## What you are asked to do
Repeat the listing that follows character for character, omitting images.

## Source material
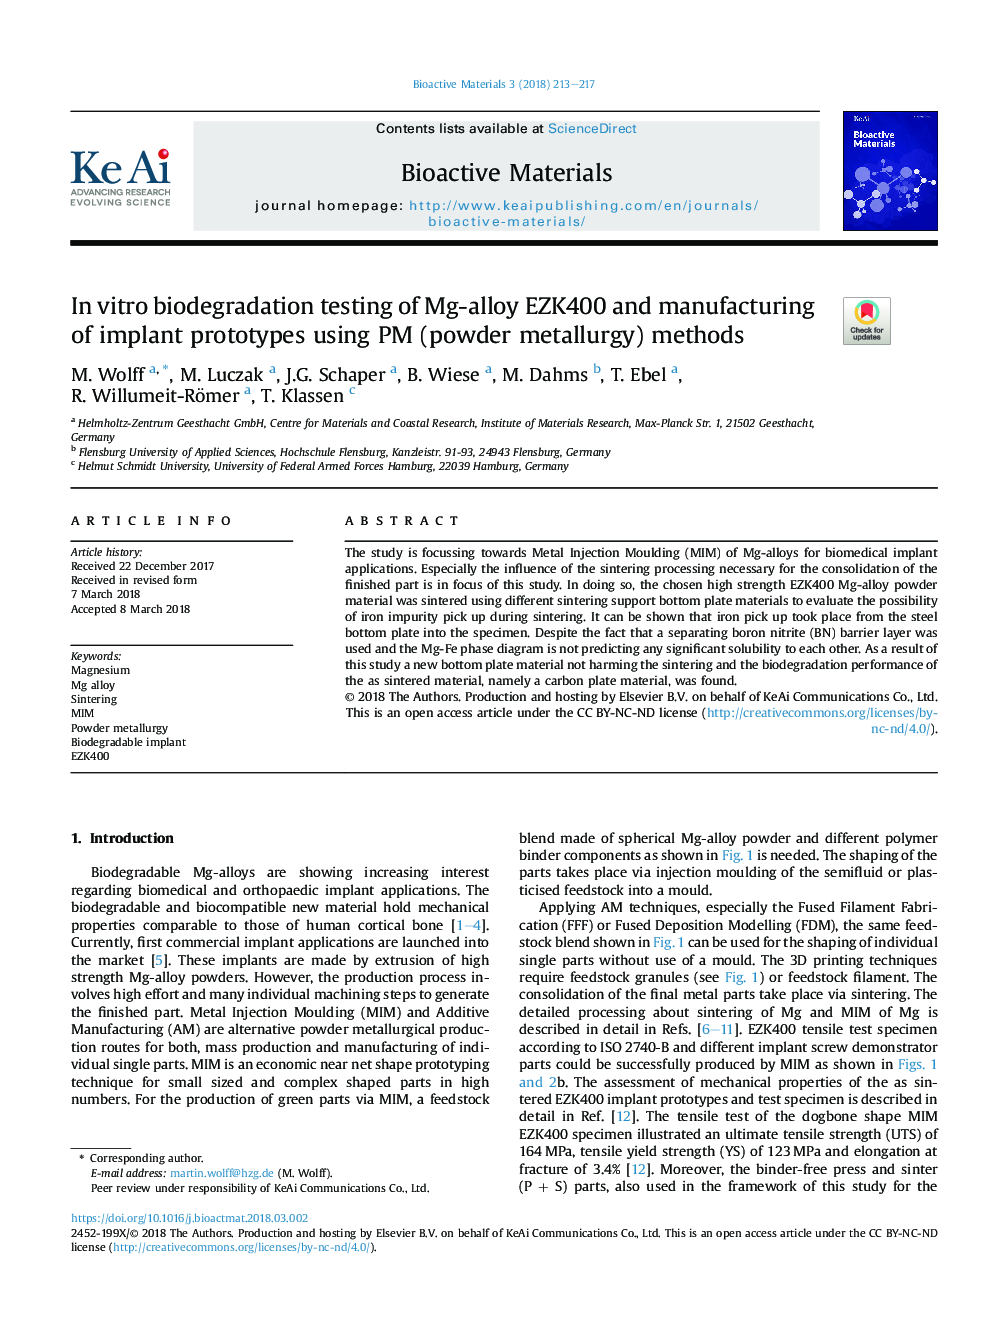 InÂ vitro biodegradation testing of Mg-alloy EZK400 and manufacturing of implant prototypes using PM (powder metallurgy) methods
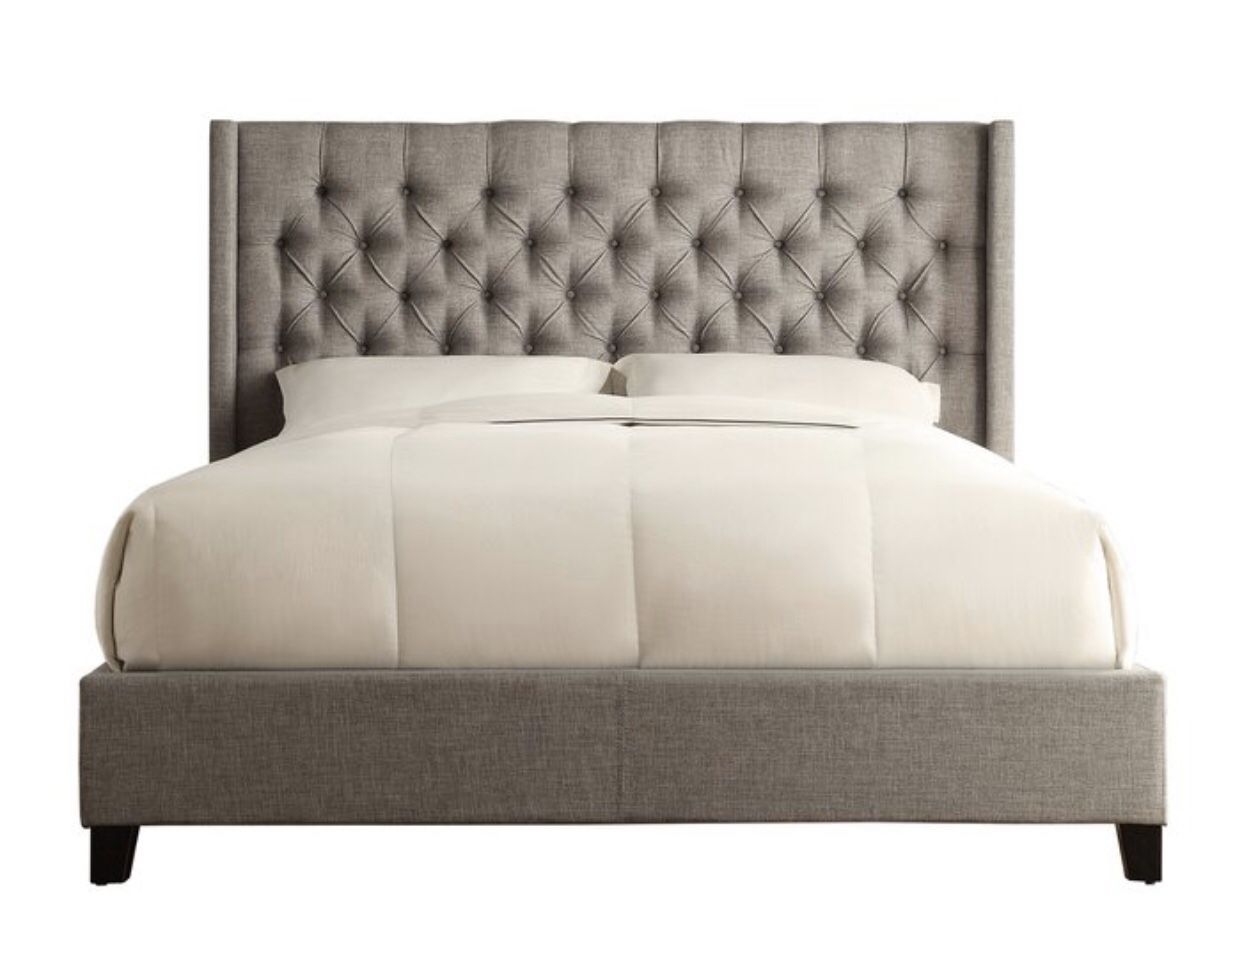 King size bed frame & headboard grey
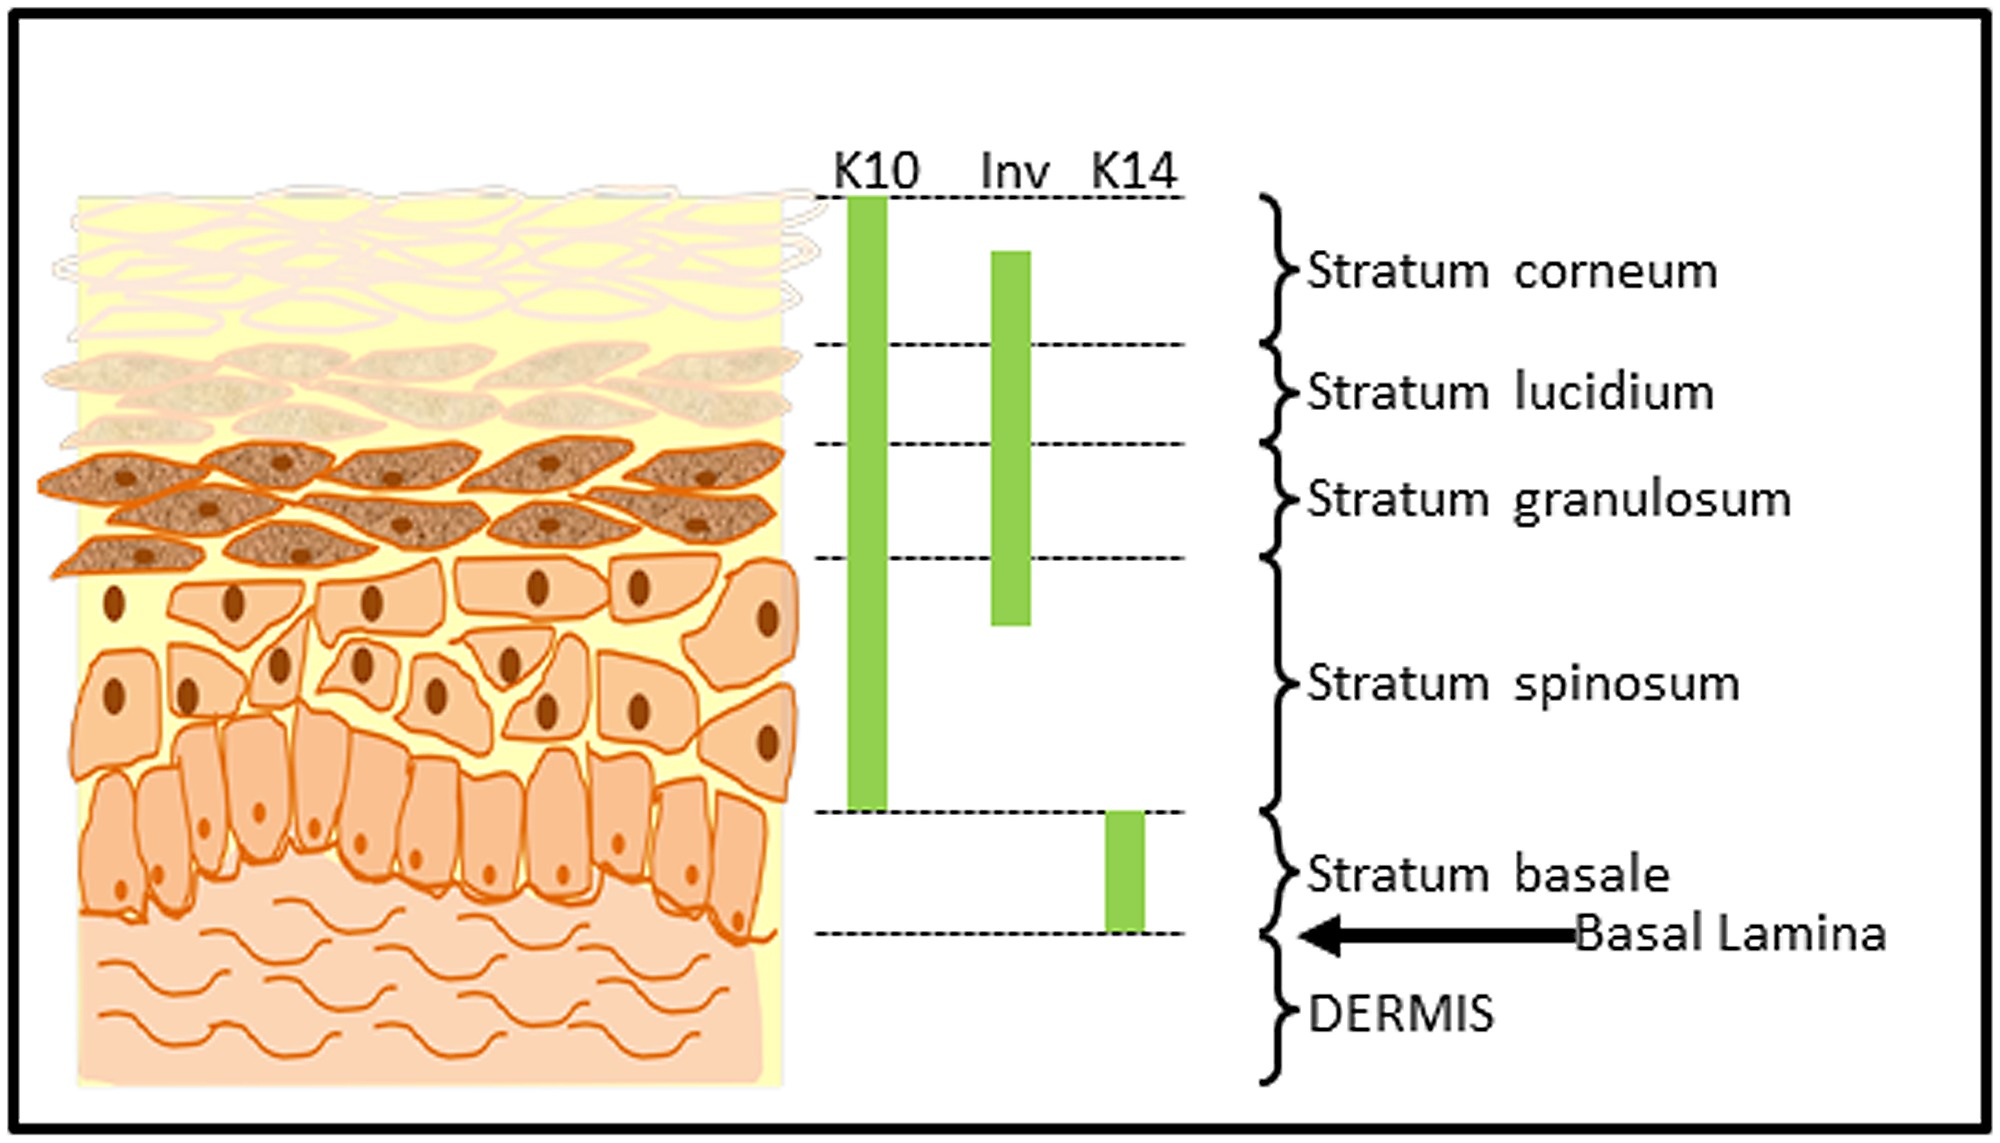 Human Skin Diagram Diagram Of Human Skin Showing Differentiated Keratinocytes Of The

## Answer to the exercise
 InÂ vitro biodegradation testing of Mg-alloy EZK400 and manufacturing of implant prototypes using PM (powder metallurgy) methods
 King size bed frame & headboard grey
 Human Skin Diagram Diagram Of Human Skin Showing Differentiated Keratinocytes Of The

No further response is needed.